Interacting with the server

You can run the server enclave using bazel:

$ bazel run --config=sgx-sim \
    //asylo/examples/grpc_server:grpc_server

The above command starts the server and keeps it running for five minutes. If you want to set a different upper bound for the server lifetime, you can use the --server_max_lifetime flag that is defined in the driver.

For example, to set a maximum server lifetime of ten seconds, run:

$ bazel run --config=sgx-sim \
    //asylo/examples/grpc_server:grpc_server -- \
    --server_max_lifetime=10

In addition, if you want the server listen on a specific port, you can use the --port flag that is defined in the driver.

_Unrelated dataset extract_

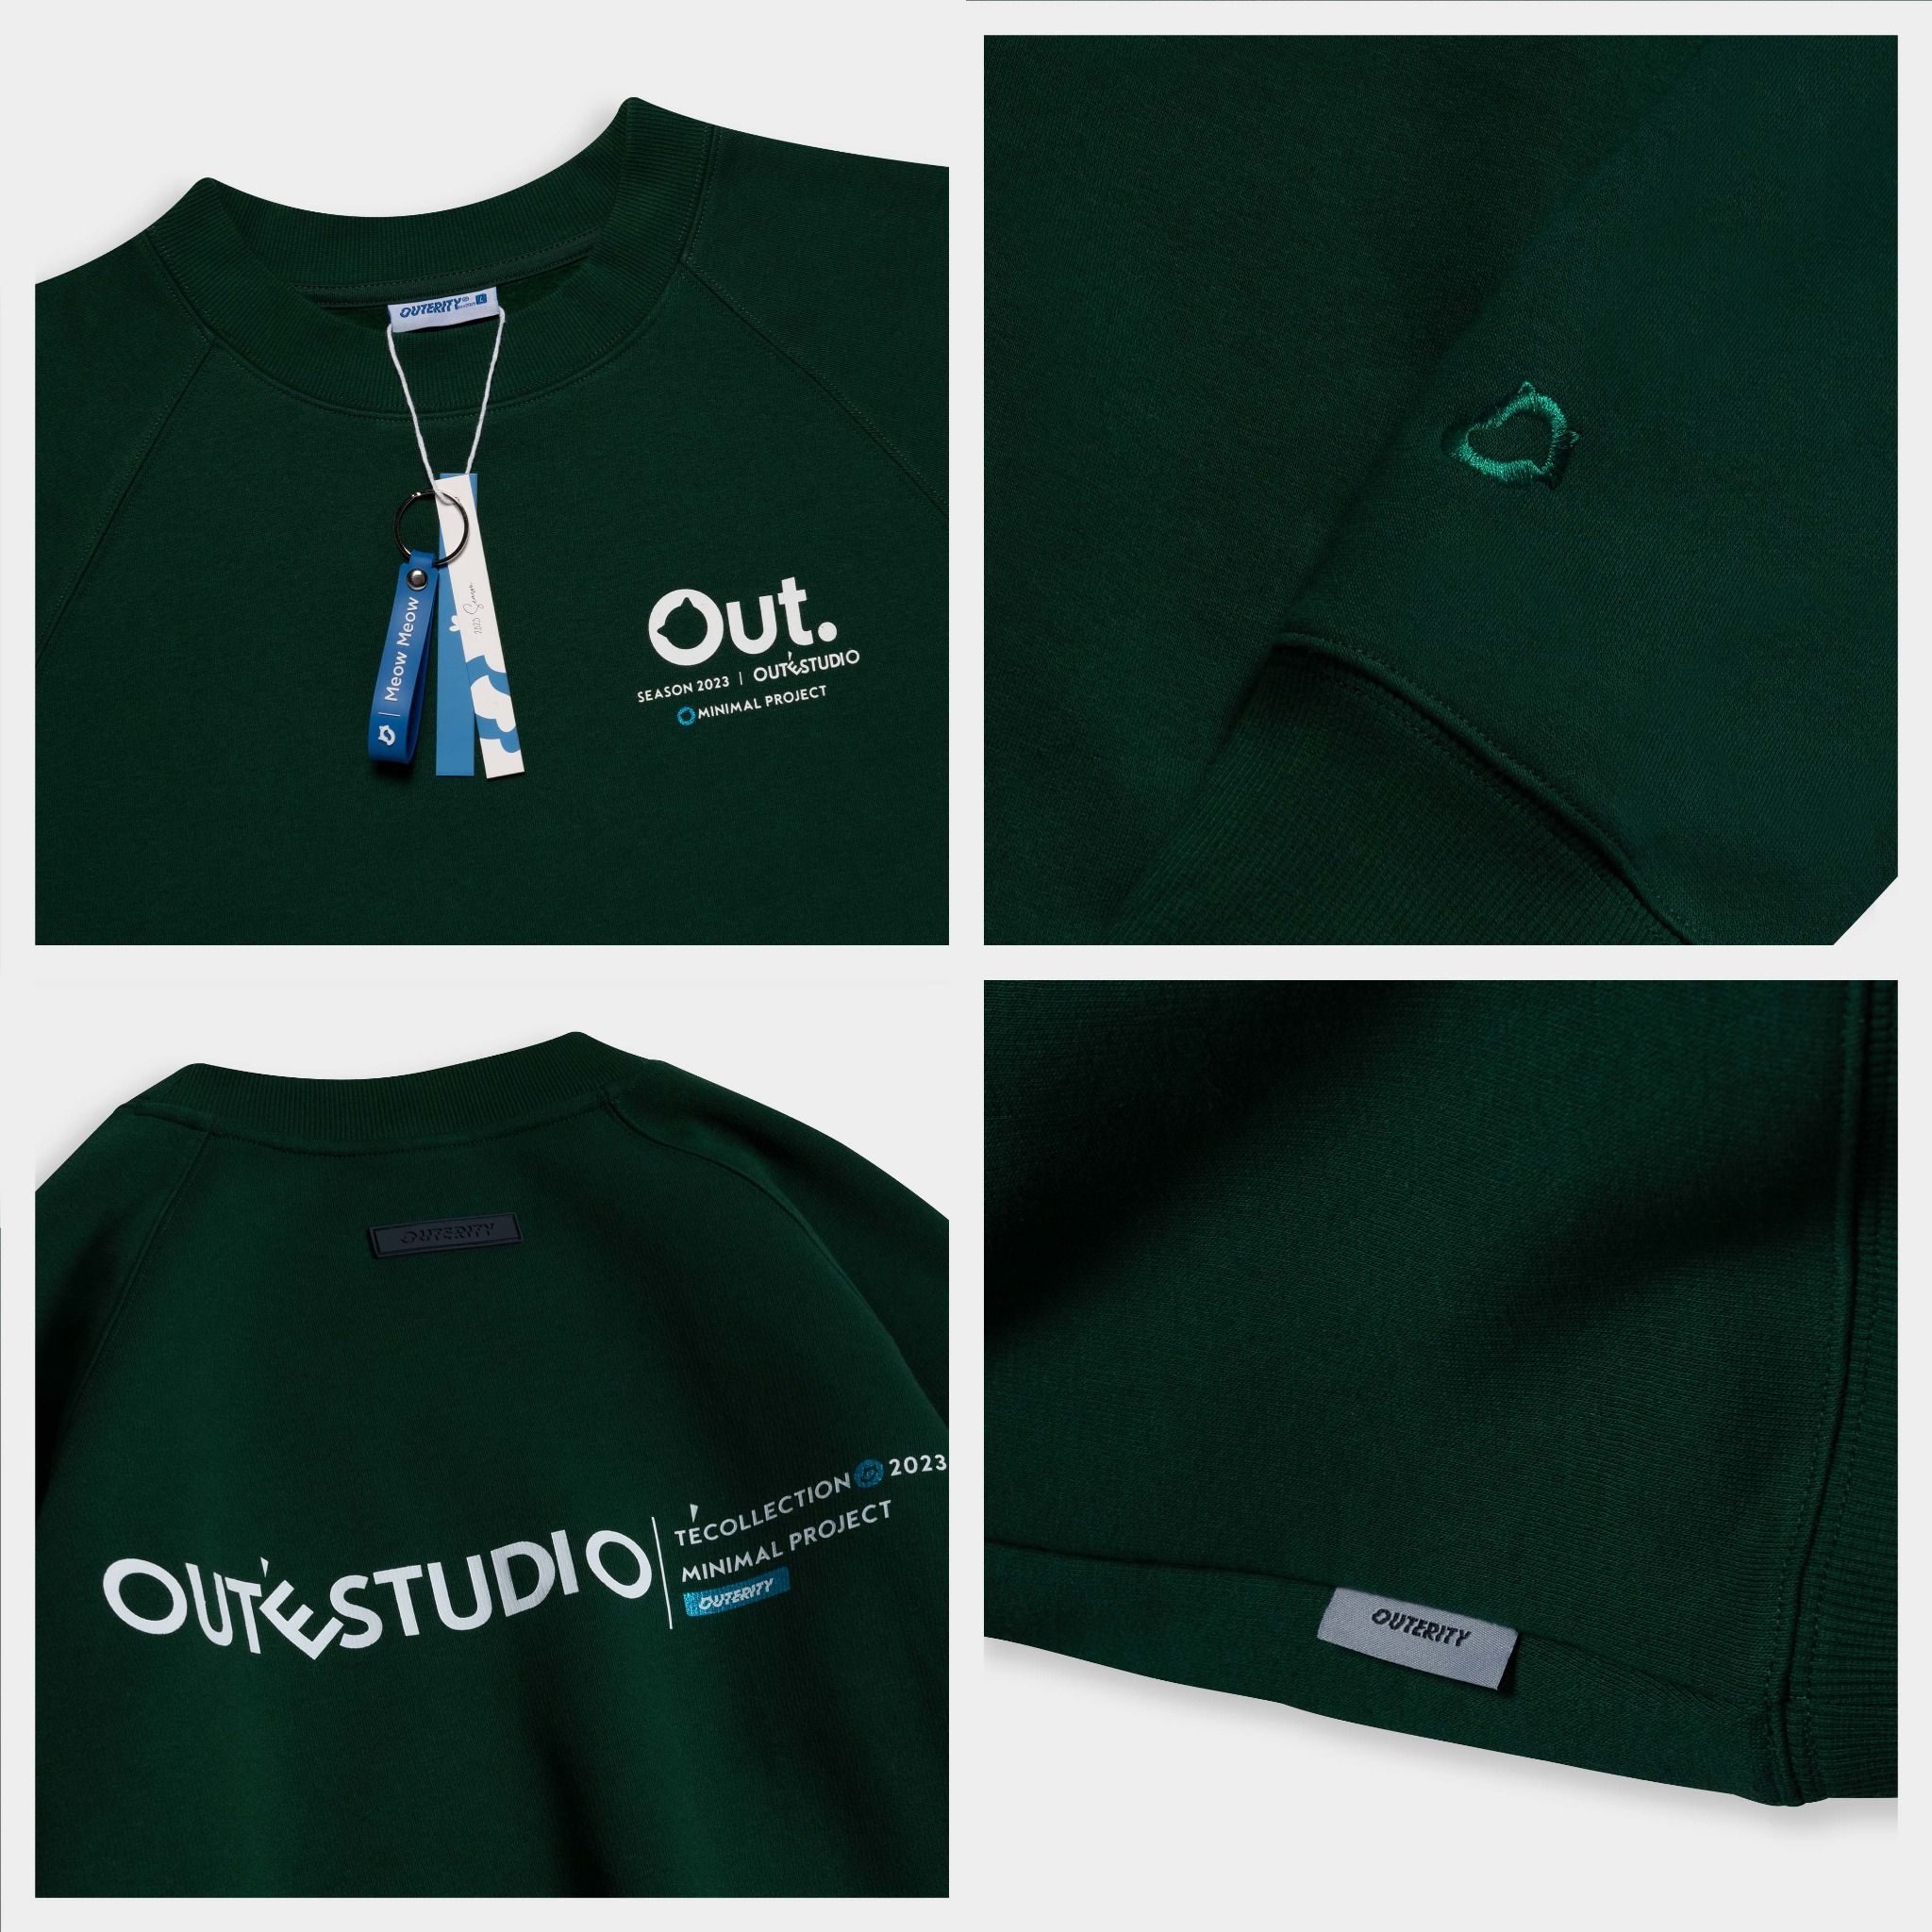  Outerity Sweater Collection TÉ / Green

For example, to make the server listen on port 62831, run:

$ bazel run --config=sgx-sim \
    //asylo/examples/grpc_server:grpc_server -- \
    --port=62831

For this example, use the gRPC command-line interface to make RPCs to the translation server.

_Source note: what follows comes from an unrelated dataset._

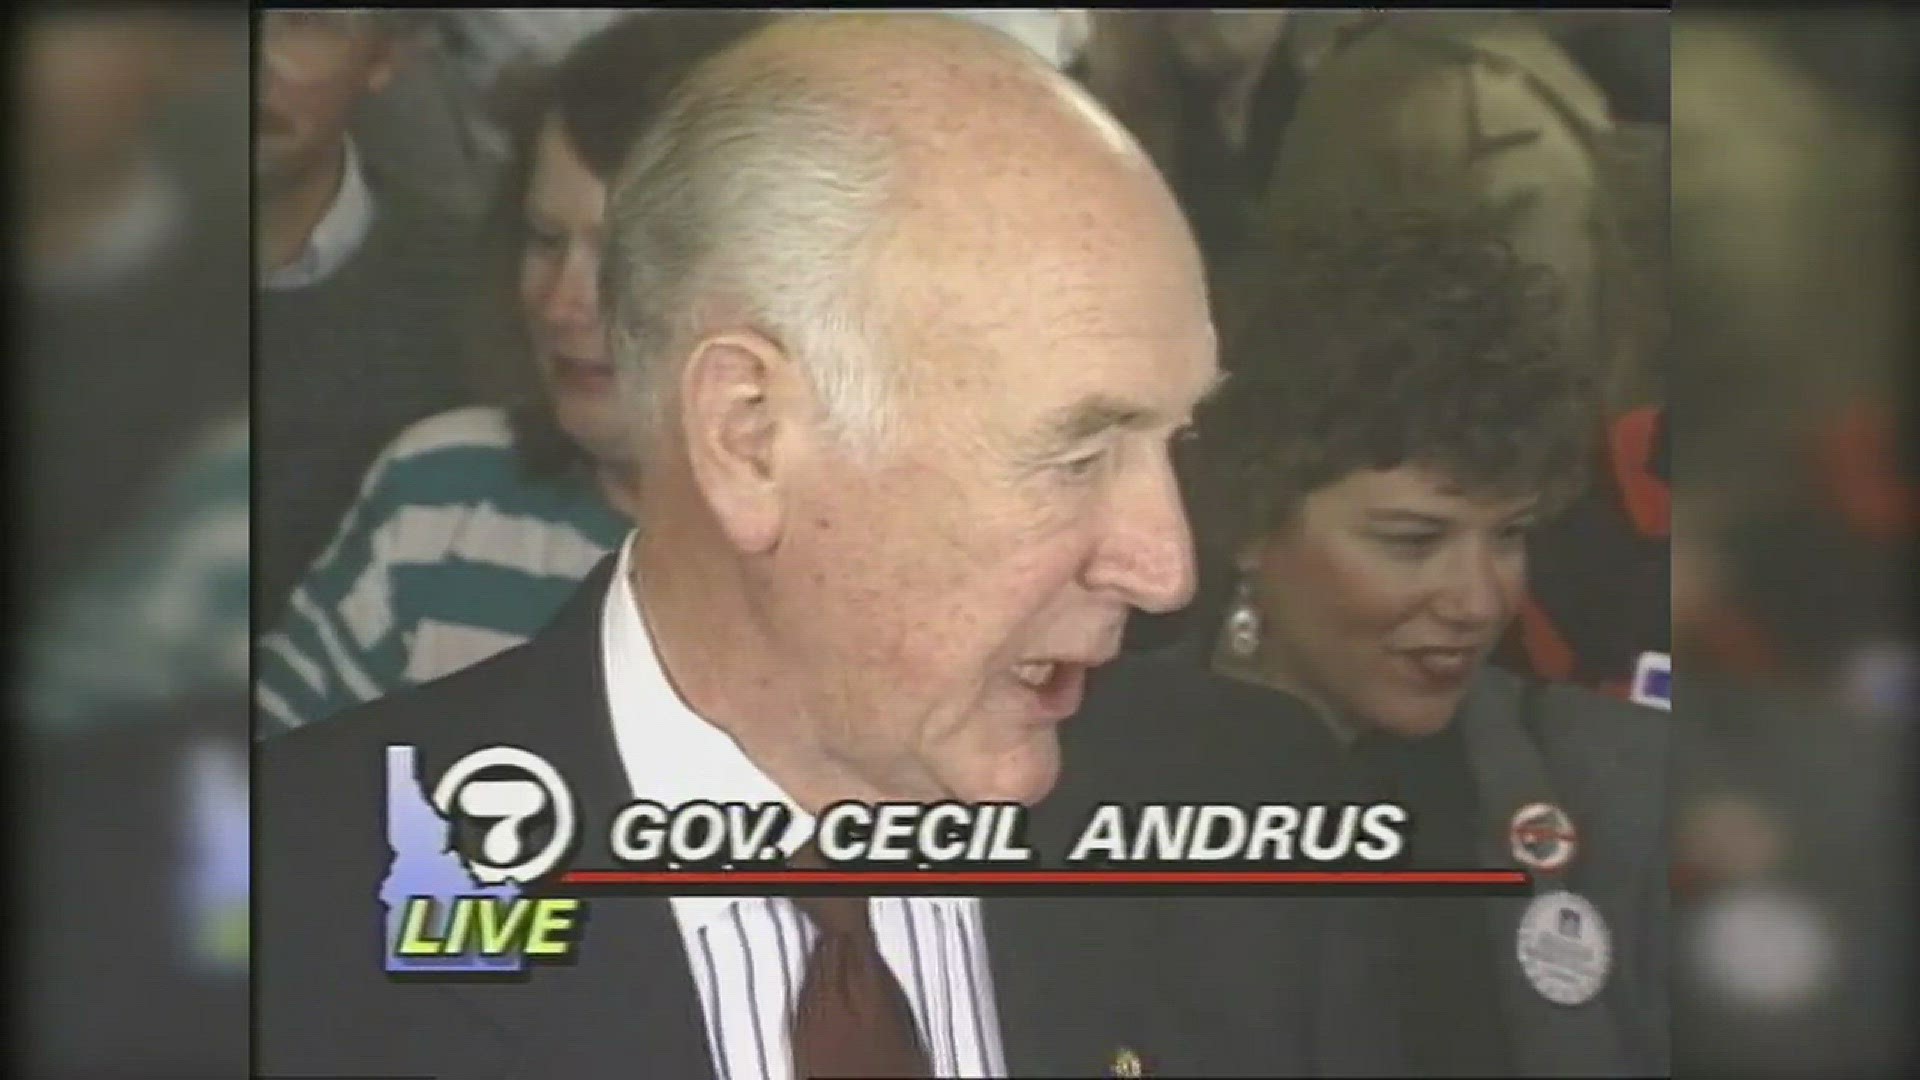 Former governor Cecil Andrus dies at 85

In a different terminal window, compile the gRPC command-line interface and copy the binary to a temporary location:

$ bazel build @com_github_grpc_grpc//test/cpp/util:grpc_cli
$ cp "$(bazel info bazel-bin)/external/com_github_grpc_grpc/test/cpp/util/grpc_cli" \
    /tmp/grpc_cli

In your original terminal window, start the server with the bazel run command above passing a port of your choosing via the --port flag. After the server starts running, it should print a message:

2019-10-11 12:18:46  INFO  grpc_server_enclave.cc : 136 : Server started on port 62831

NOTE: The log message printed by your enclave will only match the example here if you passed --port=62831.

With the port number, you can use grpc_cli to make an RPC to the server:

$ /tmp/grpc_cli call localhost:62831 GetTranslation 'input_word: "asylo"'
connecting to localhost:62831
translated_word: "sanctuary"

Rpc succeeded with OK status

The server also has translations for some other Greek words:

$ /tmp/grpc_cli call localhost:62831 GetTranslation 'input_word: "istio"'
connecting to localhost:62831
translated_word: "sail"

Rpc succeeded with OK status
$ /tmp/grpc_cli call localhost:62831 GetTranslation 'input_word: "kubernetes"'
connecting to localhost:62831
translated_word: "helmsman"

Rpc succeeded with OK status

If you ask the server for a word that doesn’t have a known translation, the grpc_cli should display an error message:

$ /tmp/grpc_cli call localhost:62831 GetTranslation 'input_word: "orkut"'
connecting to localhost:62831
Rpc failed with status code 3, error message: No known translation for "orkut"

Exercises

If you want to experiment more with gRPC inside enclaves, try some of the exercises below:

  • Periodically print RPC statistics from the server: Make the translation service maintain some statistics about the RPCs it receives. Using the driver, periodically fetch a snapshot of these statistics from the enclave using EnterAndRun and print them out.
  • Write a gRPC client in another enclave: Write a gRPC client that makes RPCs to the translation server. Run this client inside another enclave.